To use surgical tools in clinical surgery, the tip position error should be less than 2 mm. The developed sensor was not yet suitable for clinical surgery; however, it showed the possibility of being used in the shape estimation of soft manipulators.

5. Conclusions

In this paper, a skin-type stretchable strain sensor for the shape estimation of a soft manipulator was developed. The stretchability of the sensor allows the sensor to be attached to the surface of the soft manipulator, making it possible to create a hollow in the center of the manipulator, and other surgical tools can be transferred through this hollow. Moreover, the simple fabrication procedure facilitates cheap and fast production.

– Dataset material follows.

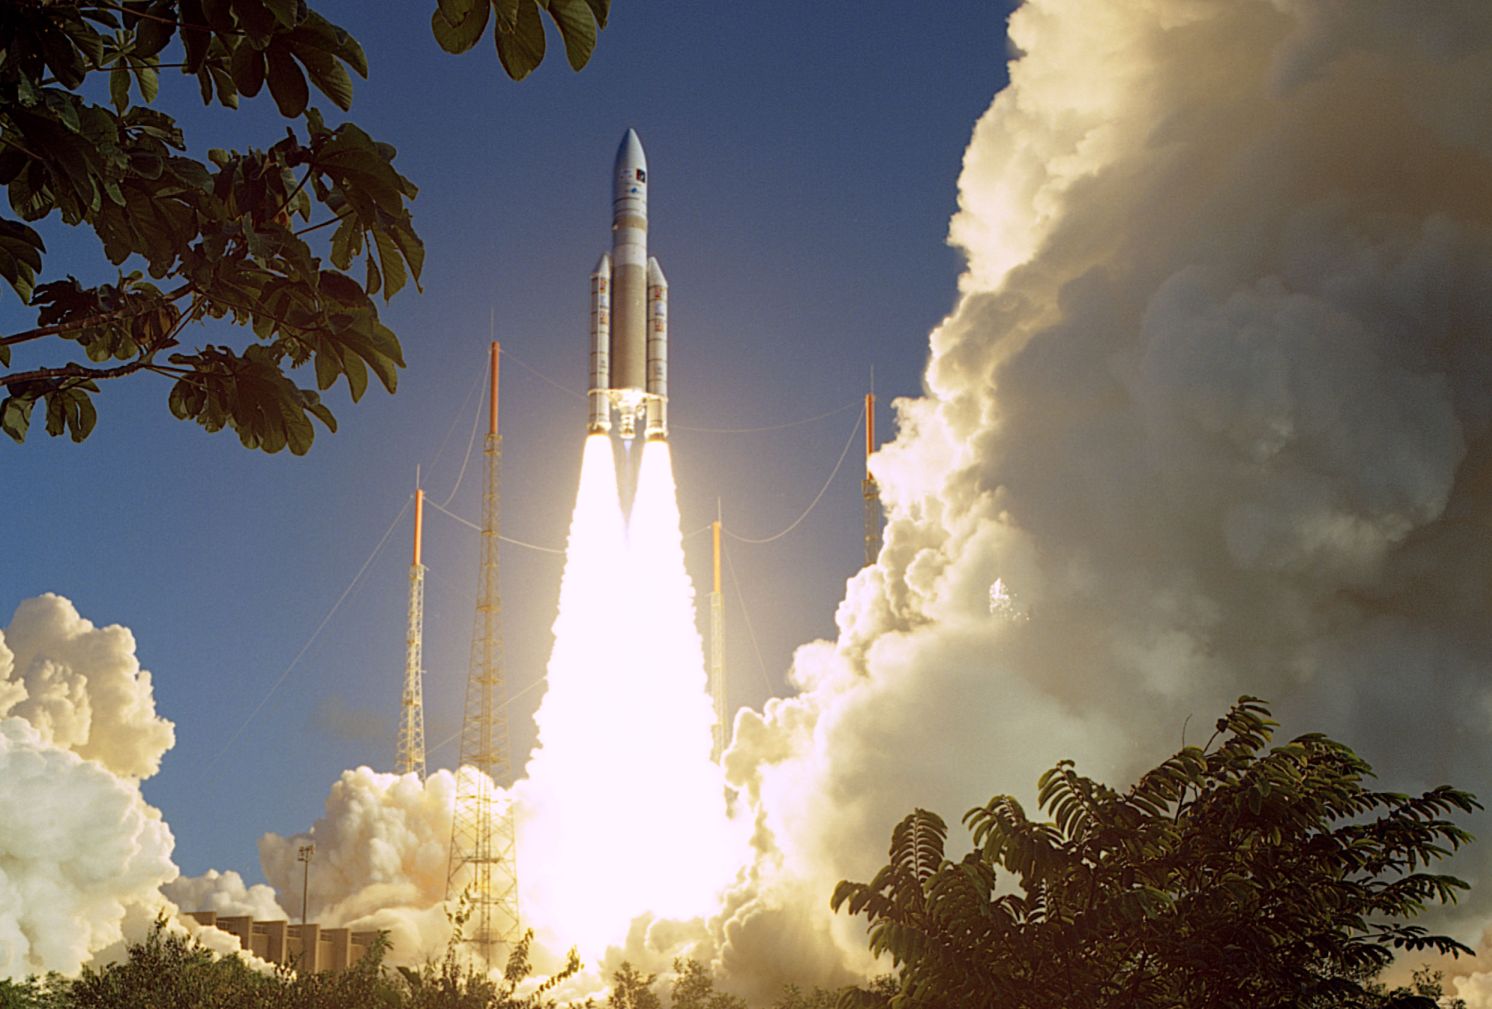 Új szerkezetben kell folytatni az Ariane-programot is

We attached the developed sensor to a silicone tube and estimated the shape. Position error equal to 4.45% of the length of the silicone tube was observed when using nine sensors. Because of the size of the sensor, we could attach only nine sensors to the silicone tube. Three curvatures were calculated from nine sensors and interpolated to estimate the overall shape. If more sensors are attached around the silicone tube and more sensors are attached in the long run, the shape estimation will be more accurate. In future work, a method of attaching more sensors to the silicone tube surface will be studied by minimizing them. In order to minimize sensors, it is important to connect the sensor’s stretchable part and rigid electrode parts stably. Furthermore, if MWCNT can be sprayed directly on the surface of silicone tubes, errors caused by misalignment can be reduced when attaching sensors.

Data Availability

The sensor performance and training data used to support the findings of this study have not been made available directly because the first author of the paper left the laboratory. However, to gain access to descriptions of the conditions of the experiment and how to perform it, contacting the first author of the paper is recommended.

Supplementary Materials

Supplementary Materials

This video shows the result of shape estimation using a stretchable sensor. The silicone tube has nine sensors, and three sensors measure the curvature of one position. Nine sensors are attached to the silicone tube, and the strain values of the three sensors are used to calculate the curvature of one position. The overall curvature was calculated using three curvatures to estimate the overall shape. The measured strain values of each sensor are shown on the right screen.